_TASK BRIEF_
Given the entries that follow, write out exactly the lines starting at the one containing "Bob Luman &" and ending at the one containing "by citixen ❤", both ends included, and only those.

_RECORDS SUPPLIED_
------------------------------------------------------------

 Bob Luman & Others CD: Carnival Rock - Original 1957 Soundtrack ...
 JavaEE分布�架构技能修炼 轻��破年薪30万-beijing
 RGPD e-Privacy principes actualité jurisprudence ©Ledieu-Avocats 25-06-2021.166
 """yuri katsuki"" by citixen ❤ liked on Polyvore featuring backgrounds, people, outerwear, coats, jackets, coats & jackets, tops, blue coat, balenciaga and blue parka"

------------------------------------------------------------

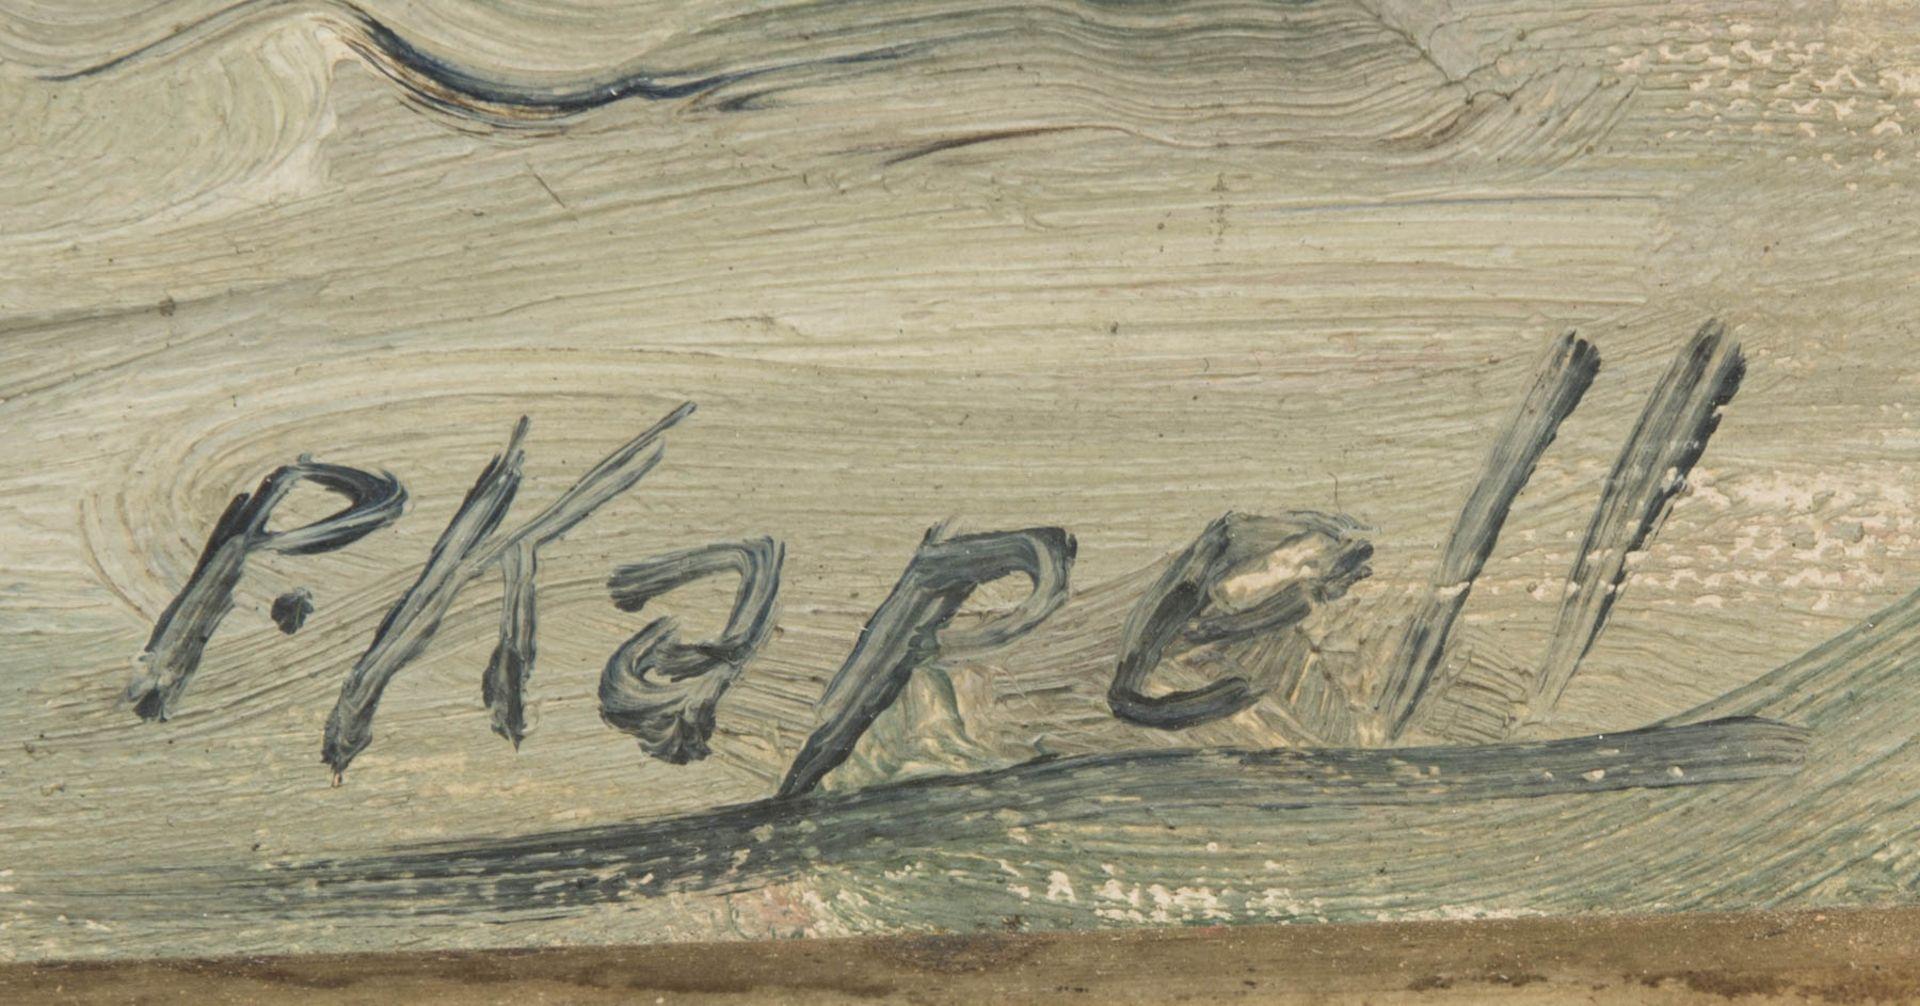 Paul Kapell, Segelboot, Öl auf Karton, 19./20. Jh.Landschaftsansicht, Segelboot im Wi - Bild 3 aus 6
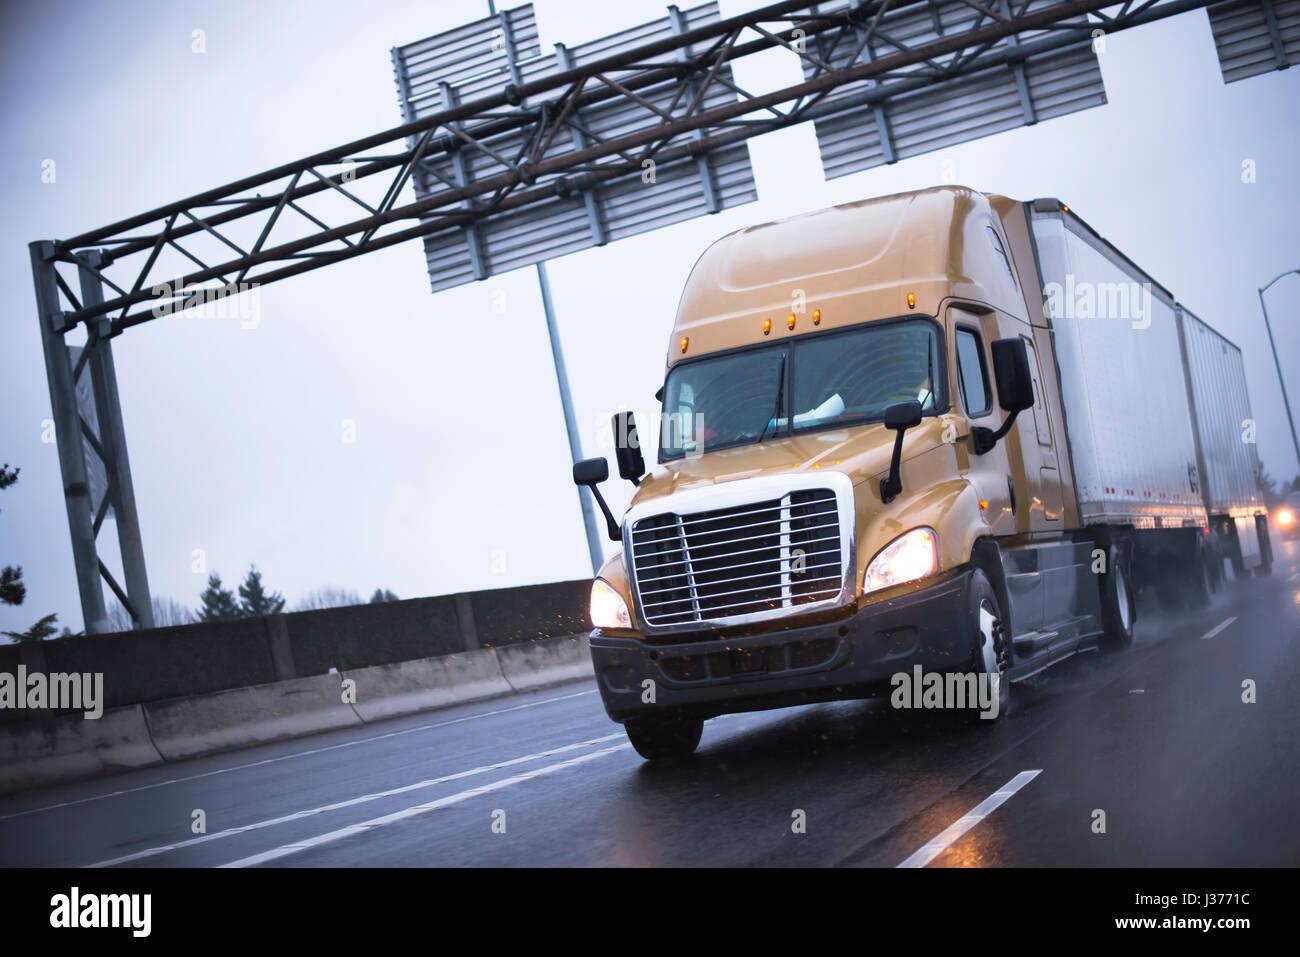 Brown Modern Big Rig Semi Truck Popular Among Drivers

------------------------------------------------------------

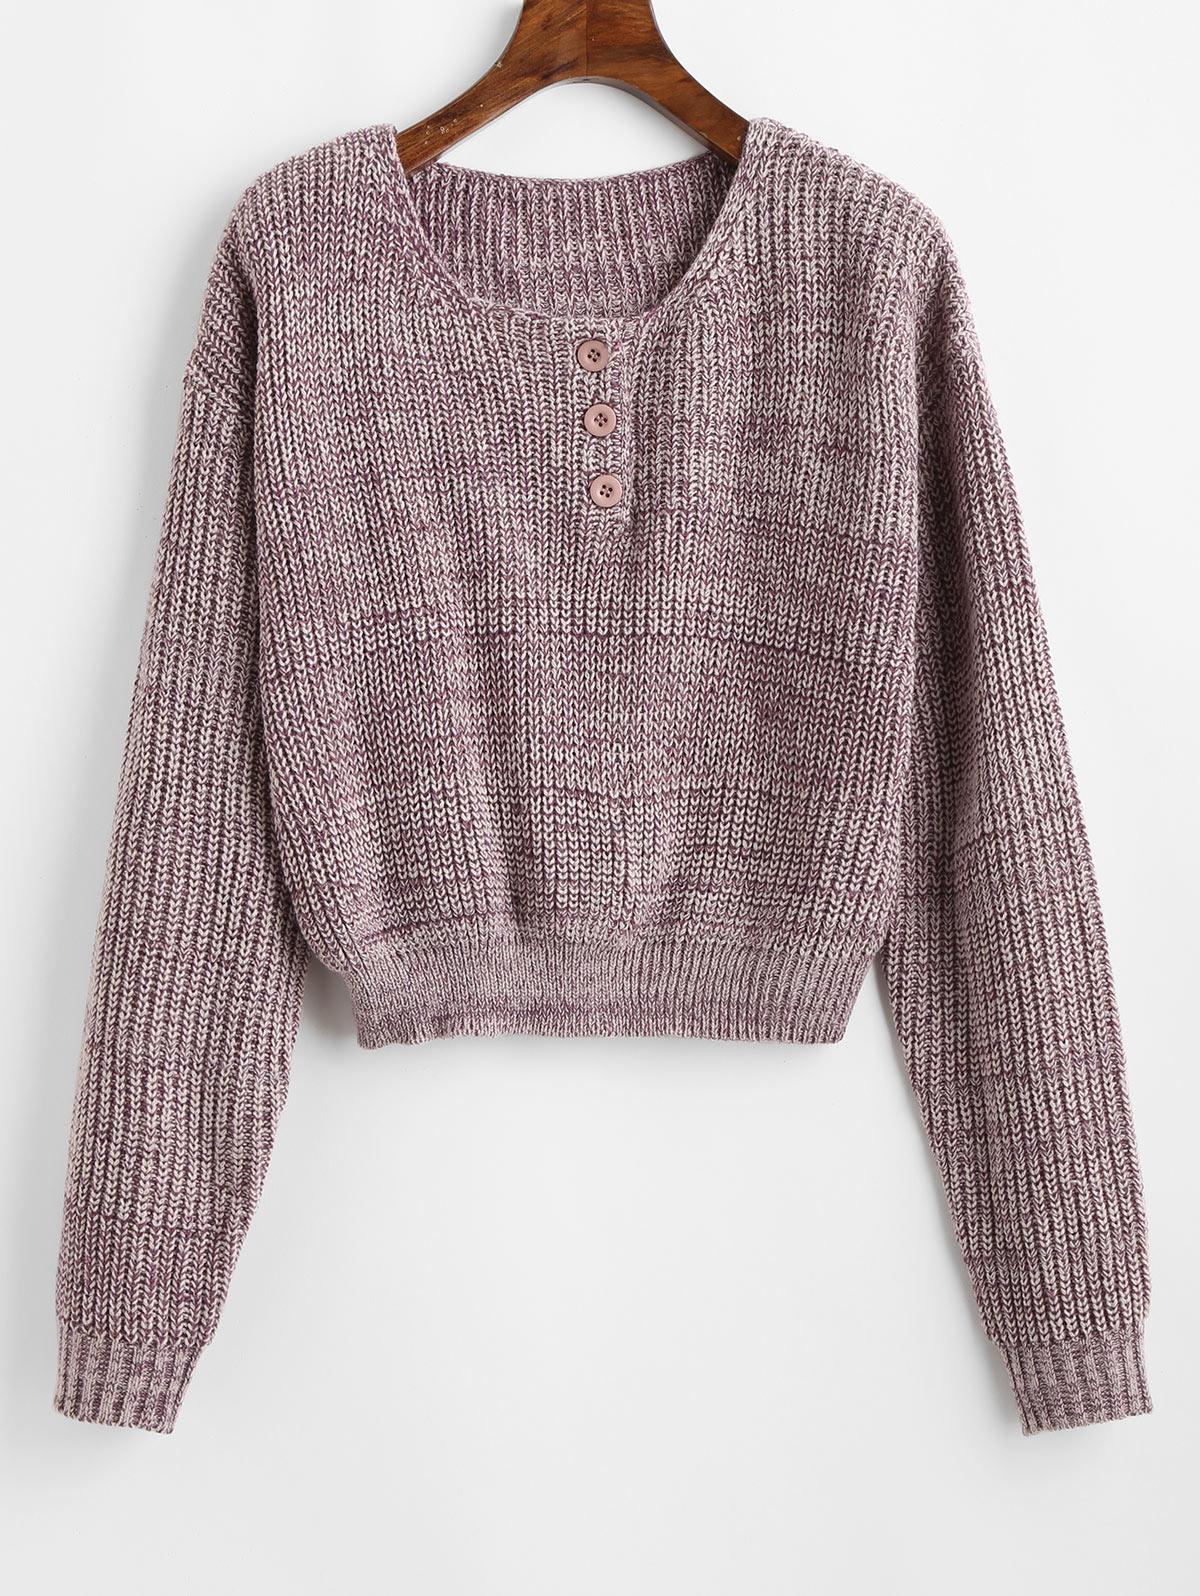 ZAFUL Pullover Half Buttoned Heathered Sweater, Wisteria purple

------------------------------------------------------------

_TASK ANSWER_
 Bob Luman & Others CD: Carnival Rock - Original 1957 Soundtrack ...
 JavaEE分布�架构技能修炼 轻��破年薪30万-beijing
 RGPD e-Privacy principes actualité jurisprudence ©Ledieu-Avocats 25-06-2021.166
 """yuri katsuki"" by citixen ❤ liked on Polyvore featuring backgrounds, people, outerwear, coats, jackets, coats & jackets, tops, blue coat, balenciaga and blue parka"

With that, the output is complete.